On Mon, Apr 25, 2016 at 6:50 PM, Timur Fayruzov
<timur.fairu...@gmail.com> wrote:
> Still trying to resolve this serialization issue. I was able to hack it by
> 'serializing' `Record` to String and then 'deserializing' it in coGroup, but
> boy its so ugly.
>
> So the bug is that it can't deserialize the case class that has the
> structure (slightly different and more detailed than I stated above):
> ```
> case class Record(name: Name, phone: Option[Phone], address:
> Option[Address])
>
> case class Name(givenName: Option[String], middleName: Option[String],
> familyName: Option[String], generationSuffix: Option[String] = None)
>
> trait Address{
>   val city: String
>   val state: String
>   val country: String
>   val latitude: Double
>   val longitude: Double
>   val postalCode: String
>   val zip4: String
>   val digest: String
> }
>
>
> case class PoBox(city: String,
>                  state: String,
>                  country: String,
>                  latitude: Double,
>                  longitude: Double,
>                  postalCode: String,
>                  zip4: String,
>                  digest: String,
>                  poBox: String
>                 ) extends Address
>
> case class PostalAddress(city: String,
>                          state: String,
>                          country: String,
>                          latitude: Double,
>                          longitude: Double,
>                          postalCode: String,
>                          zip4: String,
>                          digest: String,
>                          preDir: String,
>                          streetName: String,
>                          streetType: String,
>                          postDir: String,
>                          house: String,
>                          aptType: String,
>                          aptNumber: String
>                         ) extends Address
> ```
>
> I would expect that serialization is one of Flink cornerstones and should be
> well tested, so there is a high chance of me doing things wrongly, but I
> can't really find anything unusual in my code.
>
> Any suggestion what to try is highly welcomed.
>
> Thanks,
> Timur
>
>
> On Sun, Apr 24, 2016 at 3:26 AM, Timur Fayruzov <timur.fairu...@gmail.com>
> wrote:
>>
>> Hello Robert,
>>
>> I'm on 1.0.0 compiled with Scala 2.11. The second exception was an issue
>> with a cluster (that I didn't dig into), when I restarted the cluster I was
>> able to go past it, so now I have the following exception:
>>
>> java.lang.Exception: The data preparation for task 'CHAIN CoGroup (CoGroup
>> at
>> com.whitepages.data.flink.FaithResolution$.pipeline(FaithResolution.scala:158))
>> -> Filter (Filter at
>> com.whitepages.data.flink.FaithResolution$.pipeline(FaithResolution.scala:159))'
>> , caused an error: Error obtaining the sorted input: Thread 'SortMerger
>> Reading Thread' terminated due to an exception: Serializer consumed more
>> bytes than the record had.

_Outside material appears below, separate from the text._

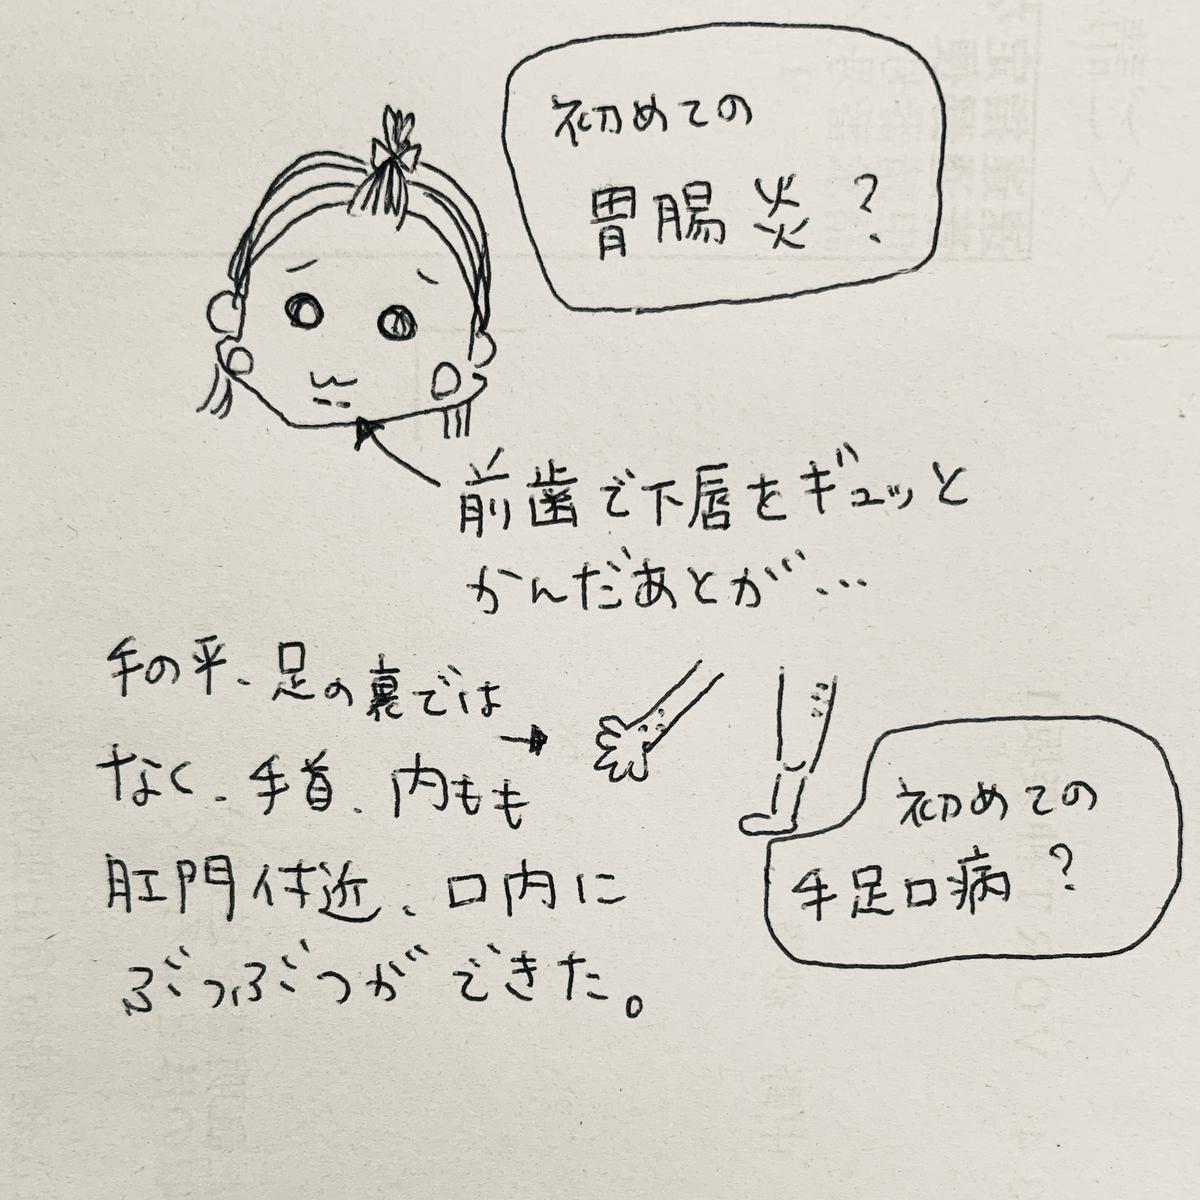 f:id:nananan0:20190617111151j:plain

This indicates broken serialization. If you are
>> using custom serialization types (Value or Writable), check their
>> serialization methods. If you are using a Kryo-serialized type, check the
>> corresponding Kryo serializer.
>> at org.apache.flink.runtime.operators.BatchTask.run(BatchTask.java:455)
>> at org.apache.flink.runtime.operators.BatchTask.invoke(BatchTask.java:345)
>> at org.apache.flink.runtime.taskmanager.Task.run(Task.java:559)
>> at java.lang.Thread.run(Thread.java:745)
>> Caused by: java.lang.RuntimeException: Error obtaining the sorted input:
>> Thread 'SortMerger Reading Thread' terminated due to an exception:
>> Serializer consumed more bytes than the record had. This indicates broken
>> serialization. If you are using custom serialization types (Value or
>> Writable), check their serialization methods. If you are using a
>> Kryo-serialized type, check the corresponding Kryo serializer.
>> at
>> org.apache.flink.runtime.operators.sort.UnilateralSortMerger.getIterator(UnilateralSortMerger.java:619)
>> at
>> org.apache.flink.runtime.operators.BatchTask.getInput(BatchTask.java:1079)
>> at
>> org.apache.flink.runtime.operators.CoGroupDriver.prepare(CoGroupDriver.java:97)
>> at org.apache.flink.runtime.operators.BatchTask.run(BatchTask.java:450)
>> ... 3 more
>> Caused by: java.io.IOException: Thread 'SortMerger Reading Thread'
>> terminated due to an exception: Serializer consumed more bytes than the
>> record had. This indicates broken serialization. If you are using custom
>> serialization types (Value or Writable), check their serialization methods.
>> If you are using a Kryo-serialized type, check the corresponding Kryo
>> serializer.
>> at
>> org.apache.flink.runtime.operators.sort.UnilateralSortMerger$ThreadBase.run(UnilateralSortMerger.java:799)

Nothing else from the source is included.